TASK TO COMPLETE
The data below is to be written out exactly, with no pictures.

Segment Start: DATA

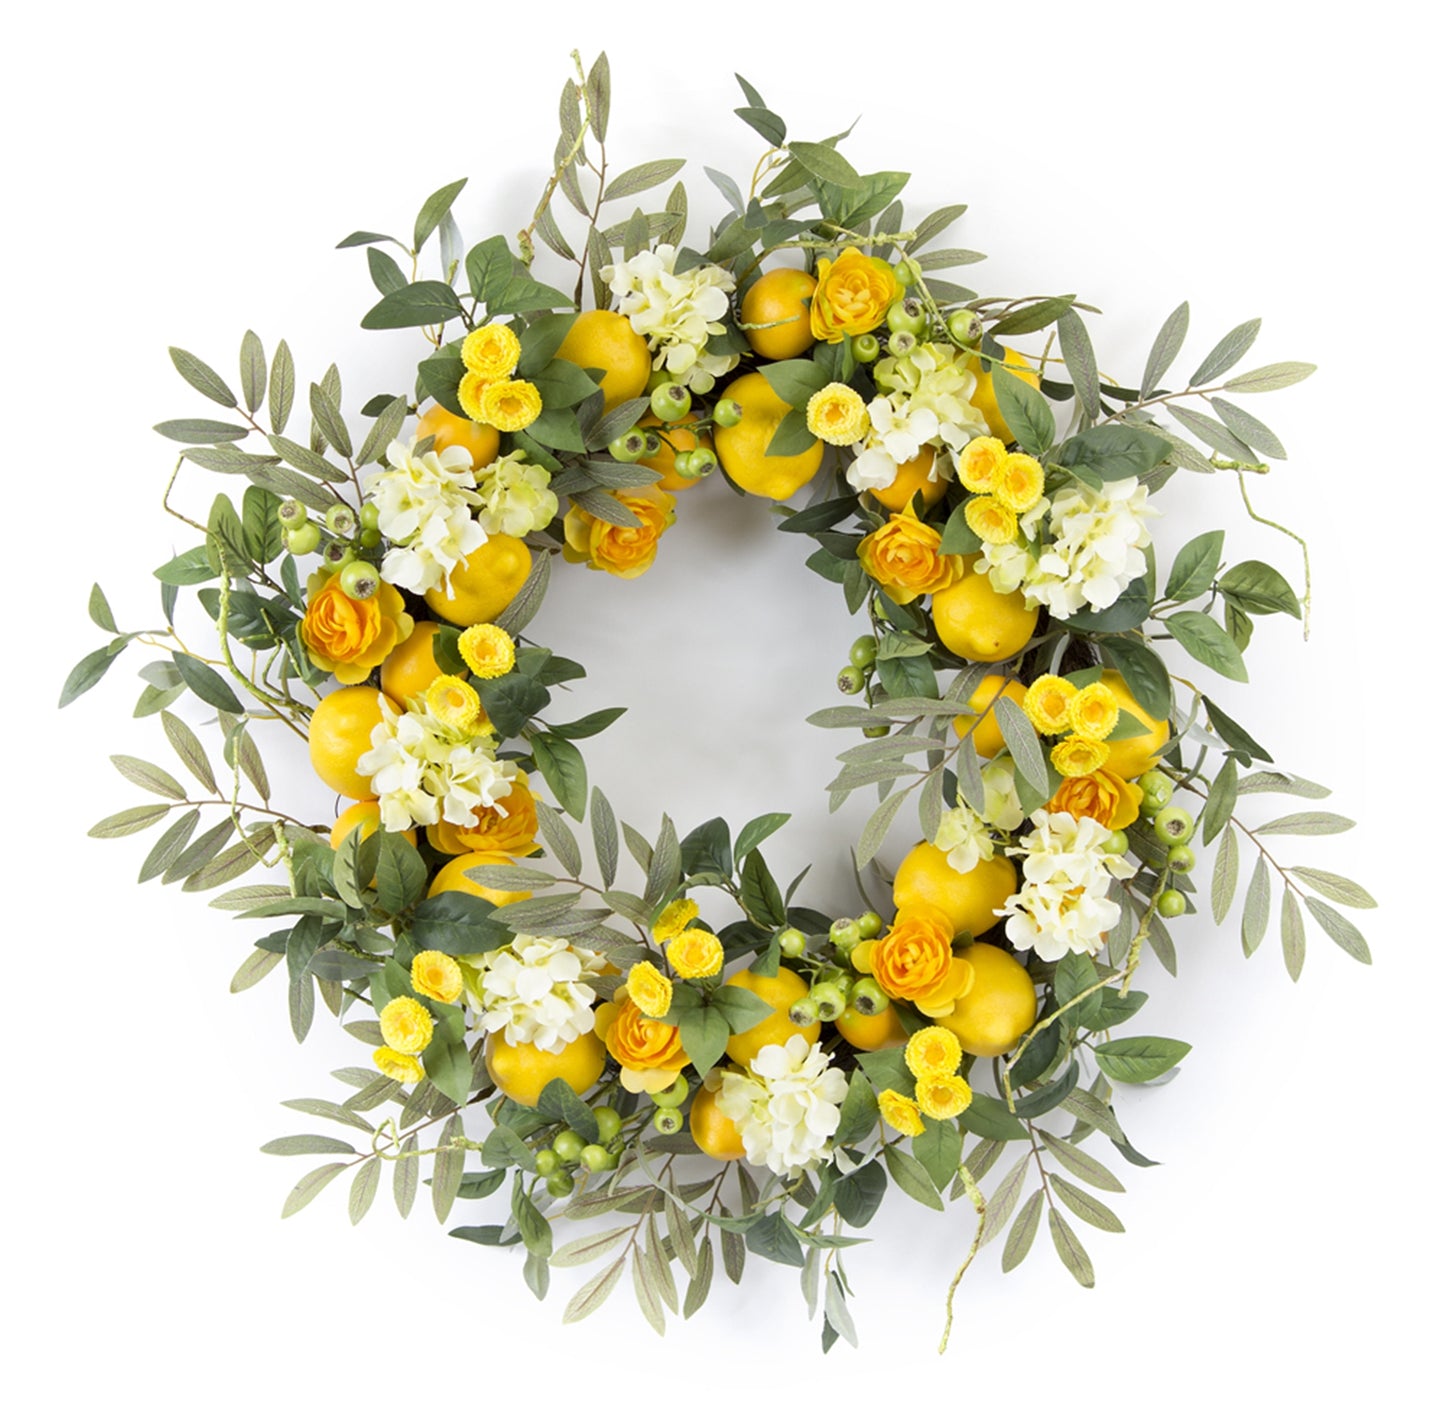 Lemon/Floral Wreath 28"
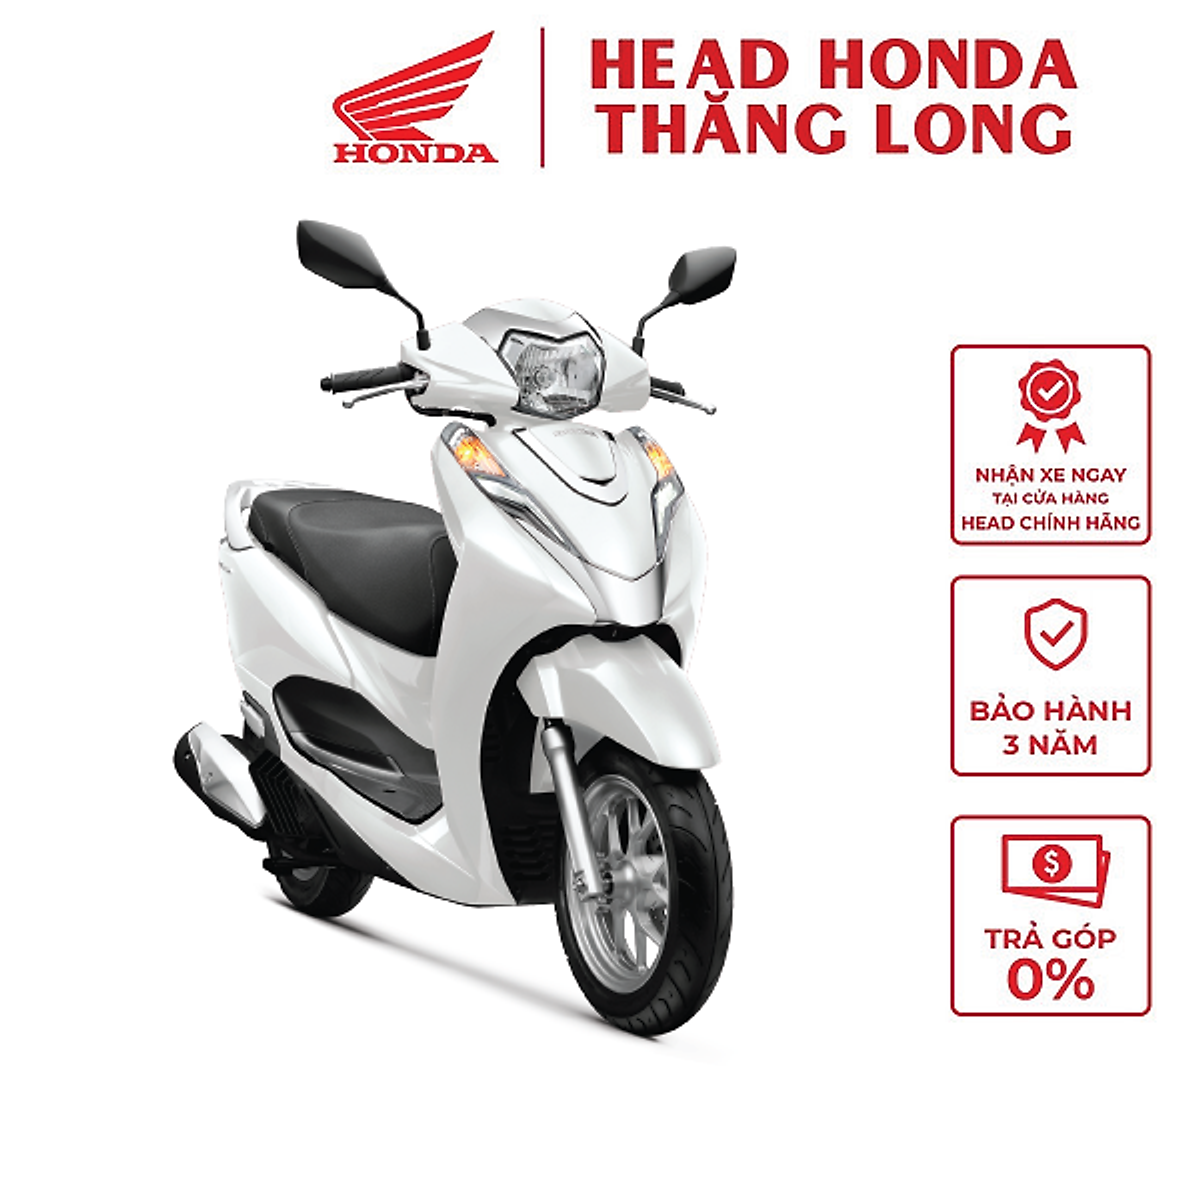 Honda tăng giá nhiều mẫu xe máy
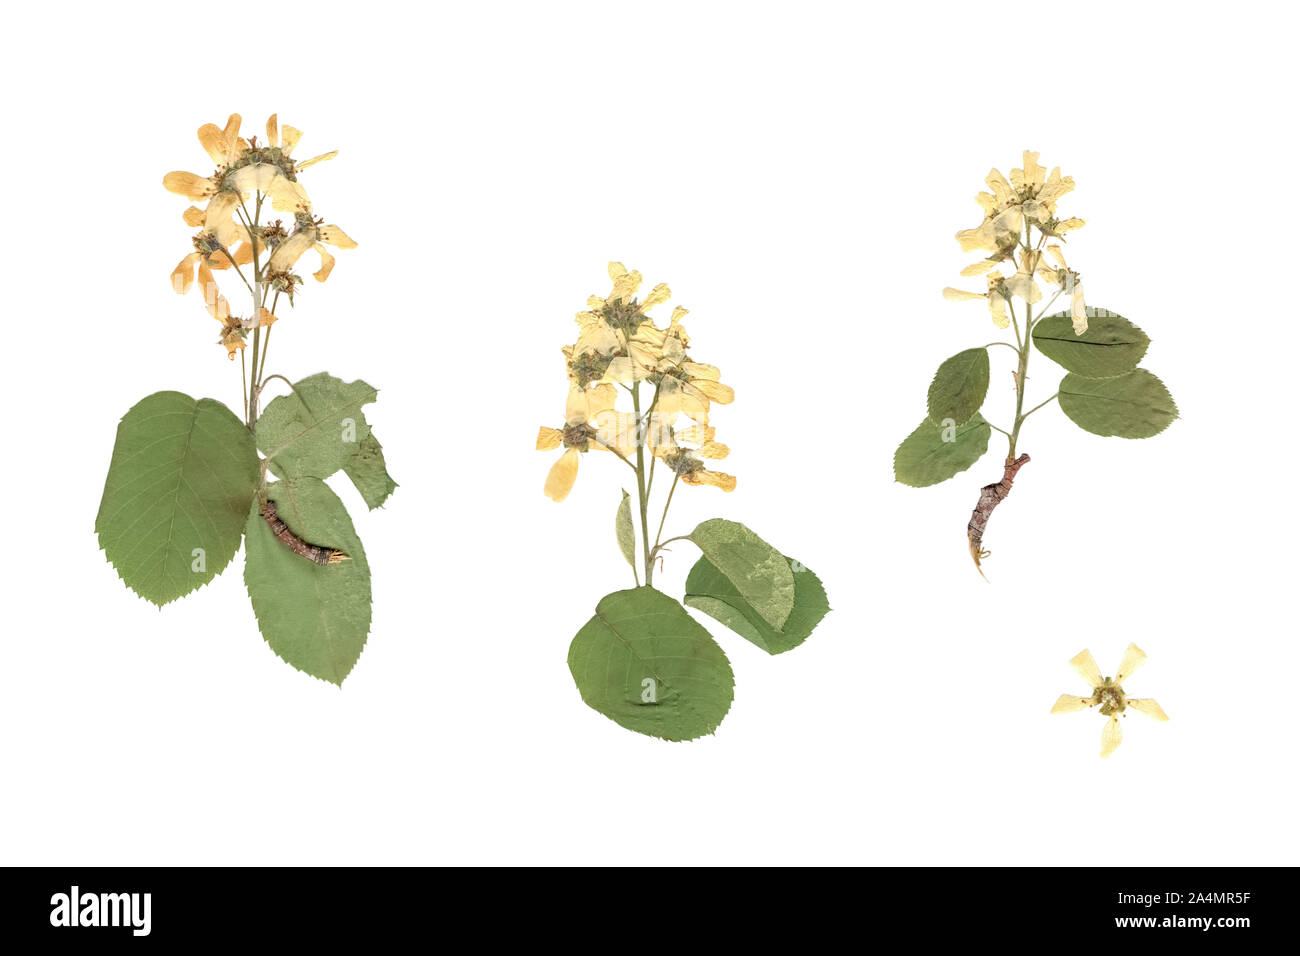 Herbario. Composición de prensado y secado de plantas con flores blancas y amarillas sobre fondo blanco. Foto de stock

Segment End: DATA

WRITTEN SOLUTION
 Lemon/Floral Wreath 28"
 Honda tăng giá nhiều mẫu xe máy
 Herbario. Composición de prensado y secado de plantas con flores blancas y amarillas sobre fondo blanco. Foto de stock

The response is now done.